• _PROBLEM REQUIREMENTS_:
The required answer is an exact copy of the lines from the one containing "حادثے کی تصاویر" to the end of the listing, both included, without any pictures.

• _THE DATA_:
================

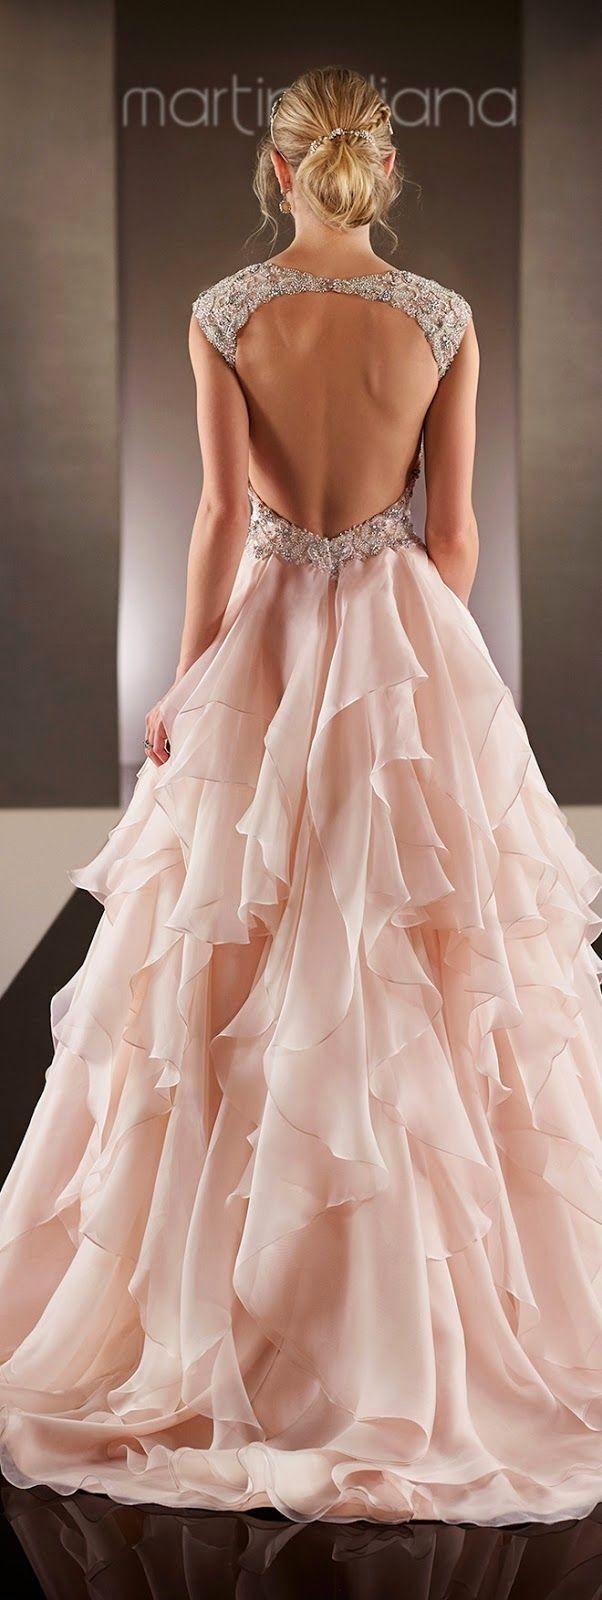 La espalda de un vestido de novia | Carmen Soto The Bride | Atelier ...
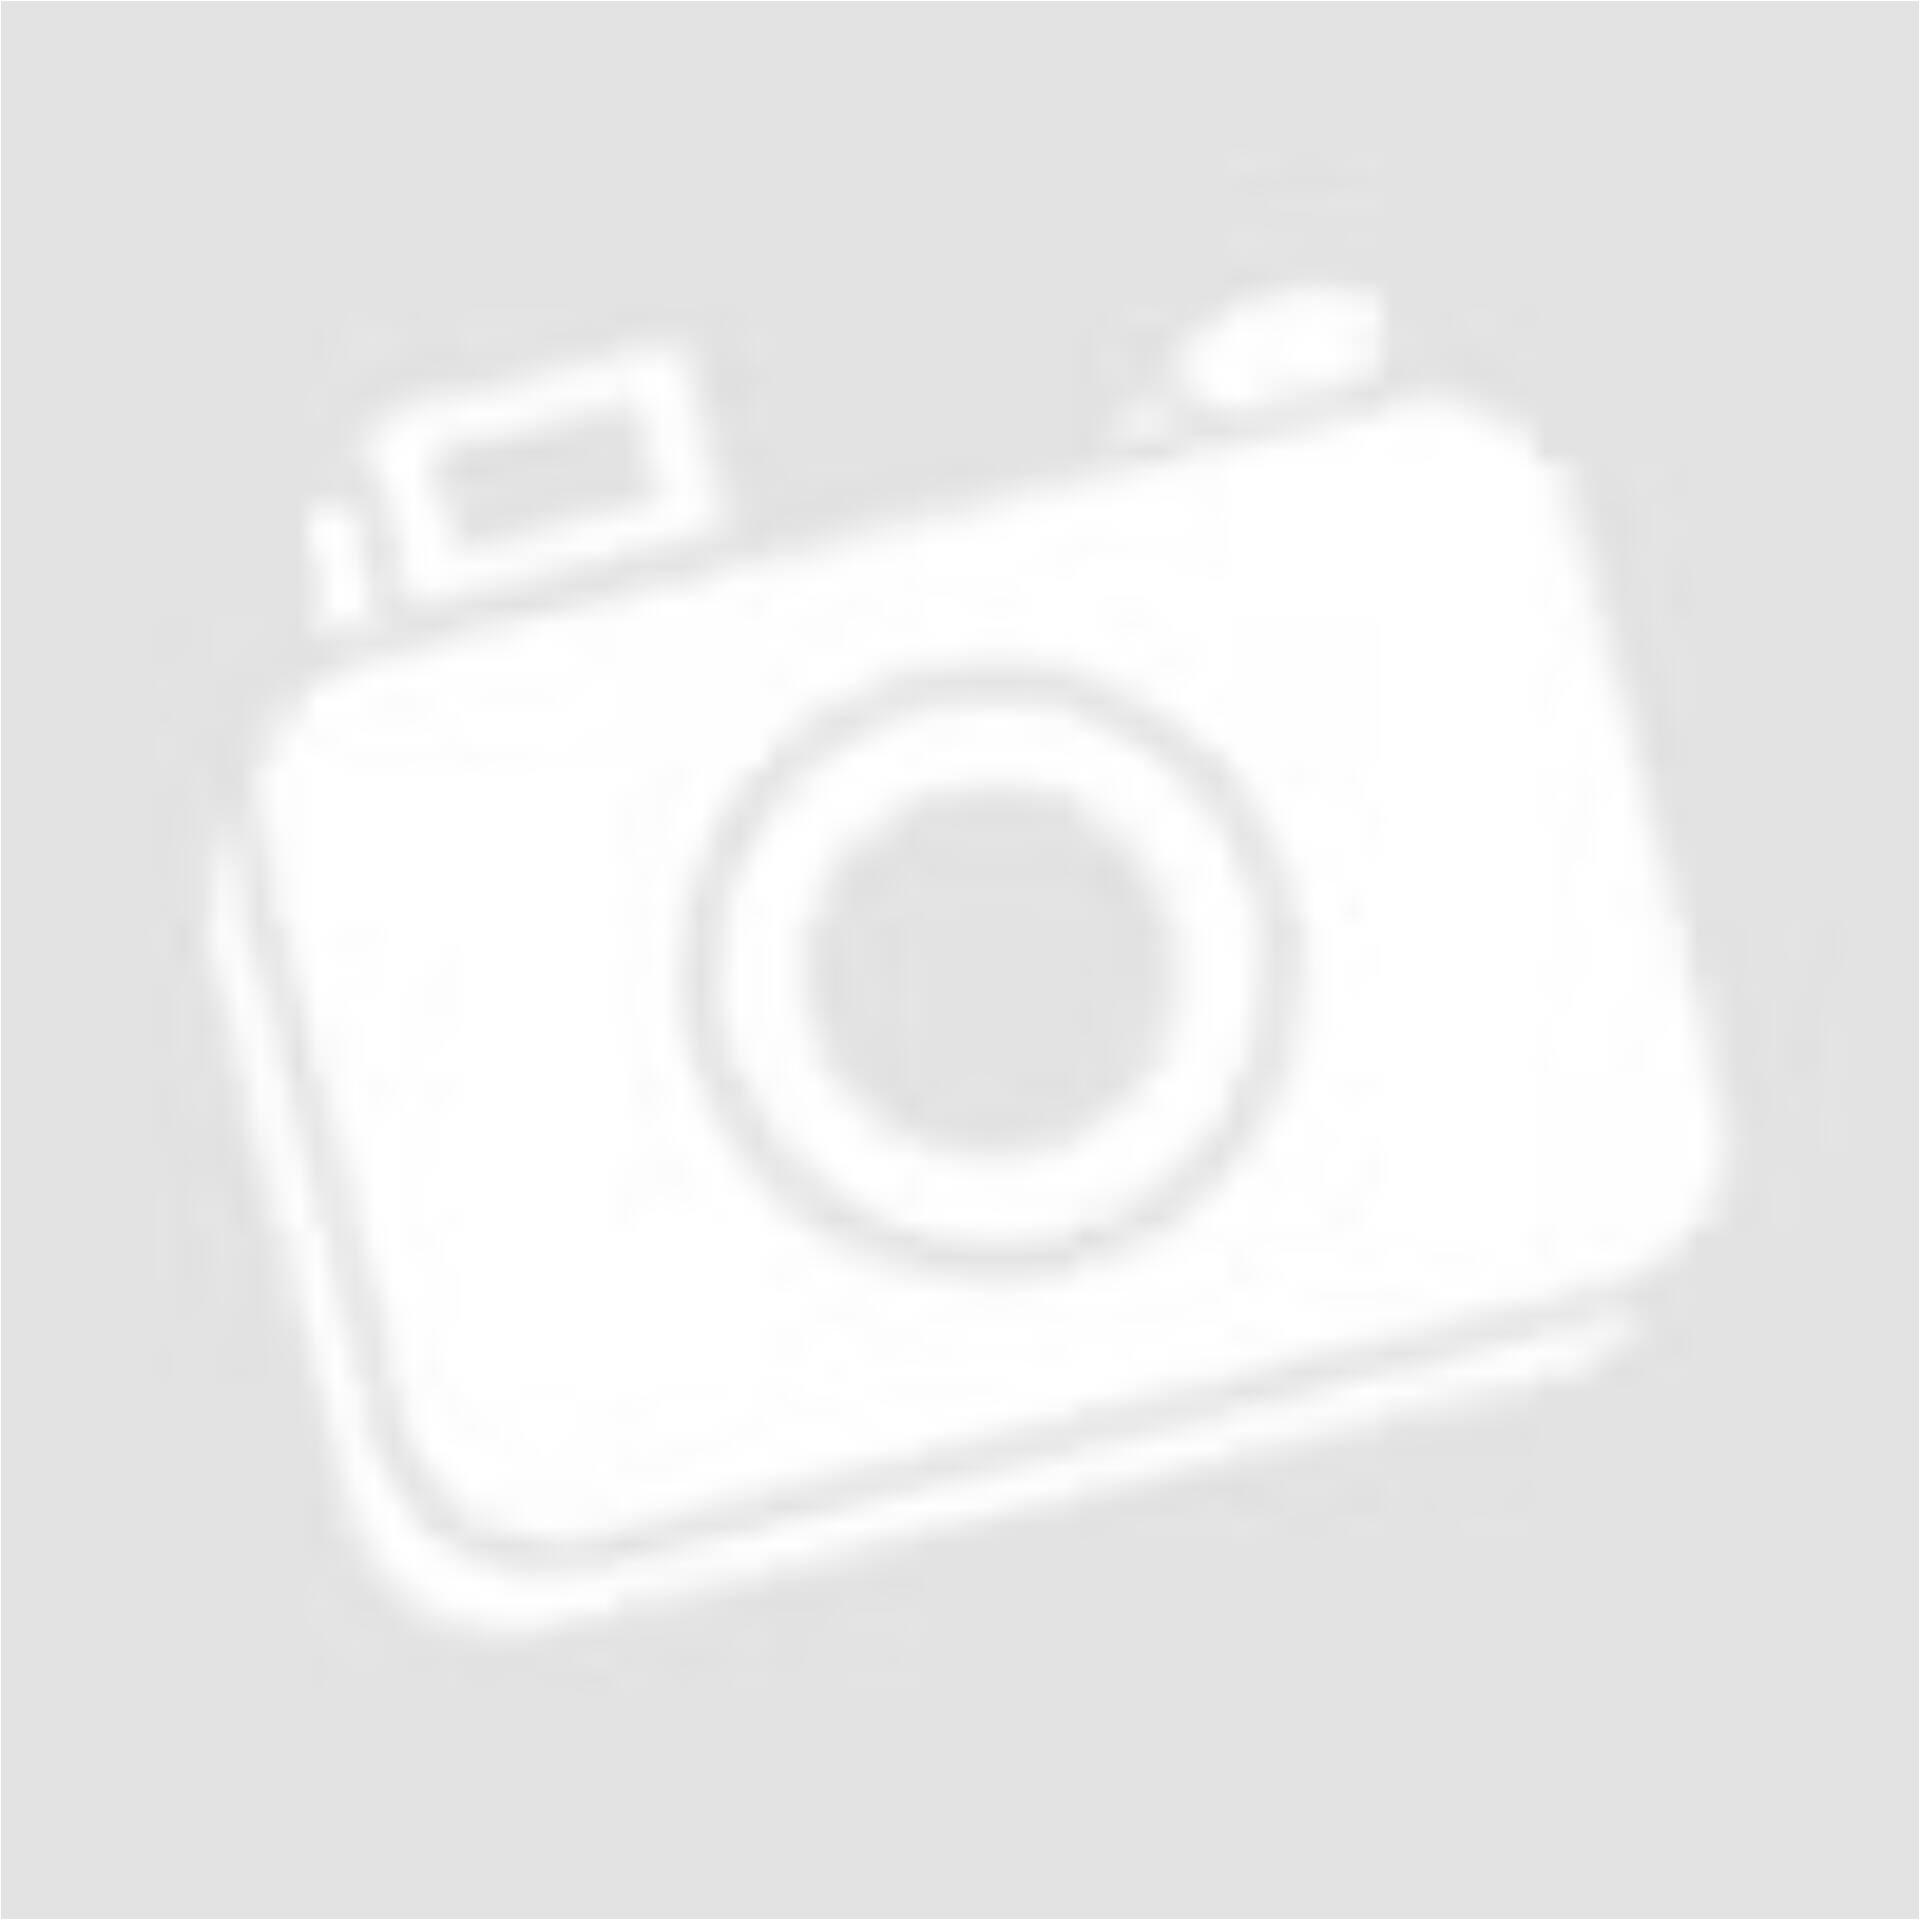 b4663dab3e Kép 1/2 - Fehér színű Graceland cipő (Méret: 42). Loading zoom. Katt rá a  felnagyításhoz
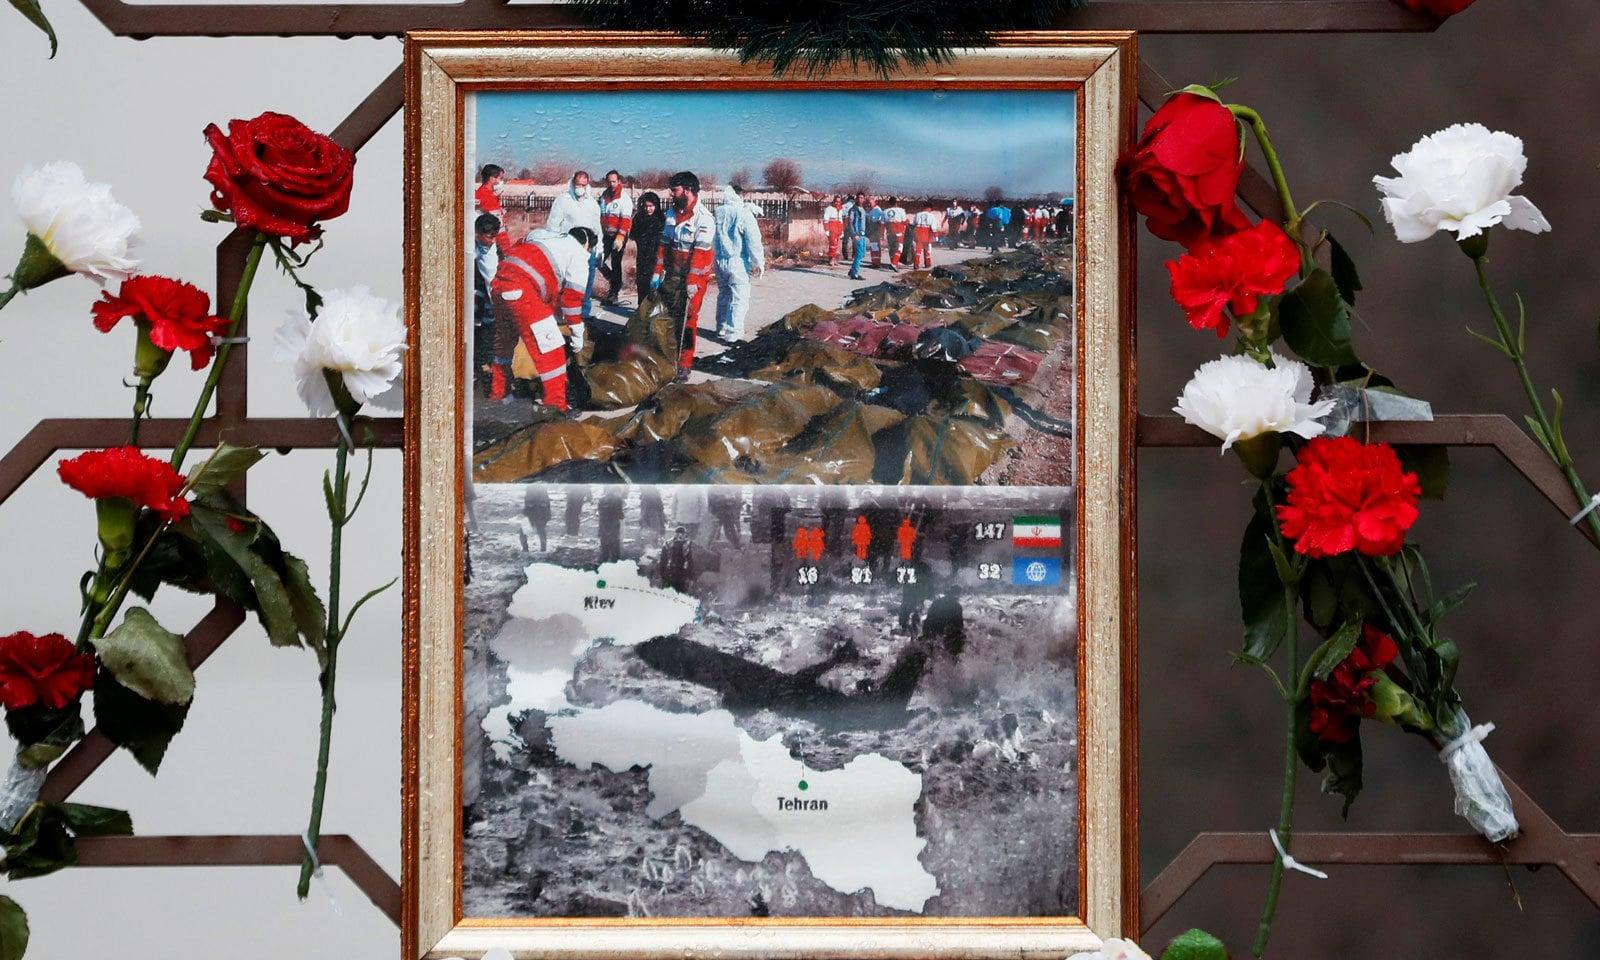 حادثے کی تصاویر کے پاس لوگوں نے متاثرین سے عقیدت کے لیے پھول رکھے ہوئے ہیں— فوٹو: رائٹرز
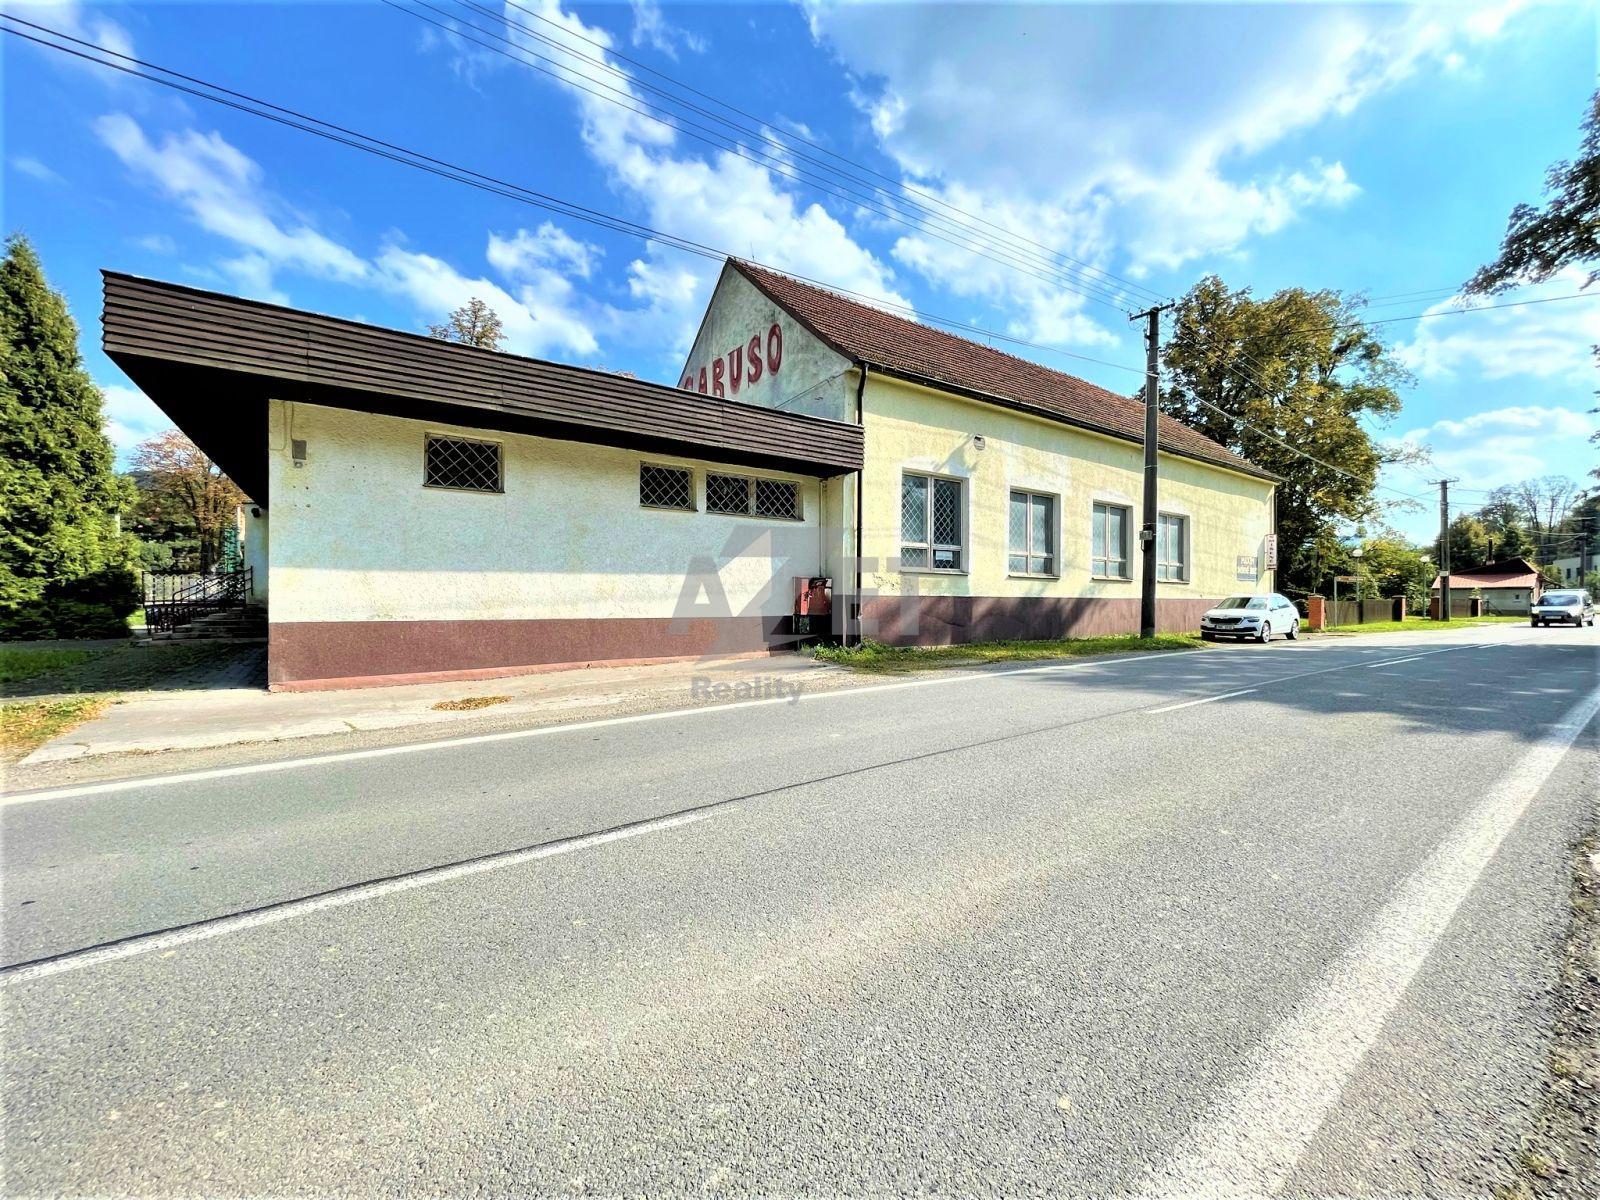 Prodej, komerční nemovitost, 900 m2, Rychaltice, Hukvaldy

================

• _RESULT FOR THIS TASK_:
 حادثے کی تصاویر کے پاس لوگوں نے متاثرین سے عقیدت کے لیے پھول رکھے ہوئے ہیں— فوٹو: رائٹرز
 Prodej, komerční nemovitost, 900 m2, Rychaltice, Hukvaldy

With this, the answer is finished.